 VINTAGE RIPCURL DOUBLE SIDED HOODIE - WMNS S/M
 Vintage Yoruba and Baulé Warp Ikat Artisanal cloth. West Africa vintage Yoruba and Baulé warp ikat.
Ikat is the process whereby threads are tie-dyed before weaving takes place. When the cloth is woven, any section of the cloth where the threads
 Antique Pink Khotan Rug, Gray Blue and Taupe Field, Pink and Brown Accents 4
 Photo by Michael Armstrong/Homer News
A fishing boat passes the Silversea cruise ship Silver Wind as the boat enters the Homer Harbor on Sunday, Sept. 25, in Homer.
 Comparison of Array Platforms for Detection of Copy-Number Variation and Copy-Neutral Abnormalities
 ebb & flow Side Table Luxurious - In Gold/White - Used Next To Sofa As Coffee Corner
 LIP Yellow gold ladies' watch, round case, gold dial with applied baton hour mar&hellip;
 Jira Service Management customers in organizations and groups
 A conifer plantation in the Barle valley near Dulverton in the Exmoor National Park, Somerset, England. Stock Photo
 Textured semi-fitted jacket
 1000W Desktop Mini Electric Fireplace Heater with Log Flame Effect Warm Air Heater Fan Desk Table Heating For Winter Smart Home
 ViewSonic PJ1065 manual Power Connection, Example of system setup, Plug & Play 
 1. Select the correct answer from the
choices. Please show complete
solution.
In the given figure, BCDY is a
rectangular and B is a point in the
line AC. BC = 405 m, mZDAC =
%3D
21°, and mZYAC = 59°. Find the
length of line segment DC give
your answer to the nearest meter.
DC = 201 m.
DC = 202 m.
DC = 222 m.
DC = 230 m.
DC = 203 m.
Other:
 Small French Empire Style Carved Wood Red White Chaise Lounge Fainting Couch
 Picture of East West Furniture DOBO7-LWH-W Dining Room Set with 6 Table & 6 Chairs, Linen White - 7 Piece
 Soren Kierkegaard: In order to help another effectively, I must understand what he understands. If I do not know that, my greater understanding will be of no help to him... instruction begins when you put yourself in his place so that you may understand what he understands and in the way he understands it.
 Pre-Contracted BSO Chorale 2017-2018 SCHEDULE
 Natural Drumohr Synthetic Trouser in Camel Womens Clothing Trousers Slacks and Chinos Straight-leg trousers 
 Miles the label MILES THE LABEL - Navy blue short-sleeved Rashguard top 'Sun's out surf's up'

###

● Activity: Your answer should consist only of the lines from the one that holds "Pre-Contracted BSO Chorale" to the end of the entries above, both ends included, each repeated exactly.

● Result:
 Pre-Contracted BSO Chorale 2017-2018 SCHEDULE
 Natural Drumohr Synthetic Trouser in Camel Womens Clothing Trousers Slacks and Chinos Straight-leg trousers 
 Miles the label MILES THE LABEL - Navy blue short-sleeved Rashguard top 'Sun's out surf's up'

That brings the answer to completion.